### SUPPLIED INFORMATION
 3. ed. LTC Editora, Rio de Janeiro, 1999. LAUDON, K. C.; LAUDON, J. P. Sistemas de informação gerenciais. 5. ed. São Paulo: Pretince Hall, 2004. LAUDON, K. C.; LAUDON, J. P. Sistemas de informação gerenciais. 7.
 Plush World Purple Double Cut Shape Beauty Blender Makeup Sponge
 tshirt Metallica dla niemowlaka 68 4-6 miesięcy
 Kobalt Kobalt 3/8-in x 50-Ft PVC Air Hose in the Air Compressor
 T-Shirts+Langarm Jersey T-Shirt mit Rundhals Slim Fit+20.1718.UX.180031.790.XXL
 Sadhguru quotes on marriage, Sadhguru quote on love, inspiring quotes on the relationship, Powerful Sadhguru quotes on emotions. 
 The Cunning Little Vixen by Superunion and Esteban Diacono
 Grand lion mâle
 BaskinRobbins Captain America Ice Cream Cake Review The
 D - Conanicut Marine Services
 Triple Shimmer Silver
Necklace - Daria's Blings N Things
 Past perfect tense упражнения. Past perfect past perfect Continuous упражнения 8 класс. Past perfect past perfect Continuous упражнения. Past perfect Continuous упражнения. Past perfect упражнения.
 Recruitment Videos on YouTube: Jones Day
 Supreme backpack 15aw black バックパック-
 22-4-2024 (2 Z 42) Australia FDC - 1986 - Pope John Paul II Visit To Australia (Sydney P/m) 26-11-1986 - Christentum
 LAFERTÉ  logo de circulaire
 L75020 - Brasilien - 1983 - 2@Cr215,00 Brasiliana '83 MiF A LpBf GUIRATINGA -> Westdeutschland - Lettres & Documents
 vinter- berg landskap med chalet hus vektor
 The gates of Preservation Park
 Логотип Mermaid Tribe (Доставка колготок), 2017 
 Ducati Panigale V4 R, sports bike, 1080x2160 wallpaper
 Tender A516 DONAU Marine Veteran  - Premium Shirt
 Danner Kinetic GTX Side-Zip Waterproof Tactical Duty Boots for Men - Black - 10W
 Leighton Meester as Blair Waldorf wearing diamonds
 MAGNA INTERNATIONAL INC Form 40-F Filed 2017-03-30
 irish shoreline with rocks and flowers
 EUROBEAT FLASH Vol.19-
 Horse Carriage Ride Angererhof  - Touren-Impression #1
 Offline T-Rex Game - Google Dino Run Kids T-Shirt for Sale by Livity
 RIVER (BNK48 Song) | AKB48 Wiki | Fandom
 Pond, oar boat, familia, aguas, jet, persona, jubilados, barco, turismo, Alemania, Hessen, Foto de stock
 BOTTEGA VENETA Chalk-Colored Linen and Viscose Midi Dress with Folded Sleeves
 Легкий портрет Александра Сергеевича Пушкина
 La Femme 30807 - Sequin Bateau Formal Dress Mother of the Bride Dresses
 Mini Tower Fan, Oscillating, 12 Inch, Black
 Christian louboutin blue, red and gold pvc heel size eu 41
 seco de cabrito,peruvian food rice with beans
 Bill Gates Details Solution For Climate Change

### EXERCISE GOAL
All that is needed is the exact run of lines above from the line containing "T-Shirts+Langarm Jersey T-Shirt" through the line containing "Necklace - Daria's Blings N Things", both of them included.

### ANSWER SPACE
 T-Shirts+Langarm Jersey T-Shirt mit Rundhals Slim Fit+20.1718.UX.180031.790.XXL
 Sadhguru quotes on marriage, Sadhguru quote on love, inspiring quotes on the relationship, Powerful Sadhguru quotes on emotions. 
 The Cunning Little Vixen by Superunion and Esteban Diacono
 Grand lion mâle
 BaskinRobbins Captain America Ice Cream Cake Review The
 D - Conanicut Marine Services
 Triple Shimmer Silver
Necklace - Daria's Blings N Things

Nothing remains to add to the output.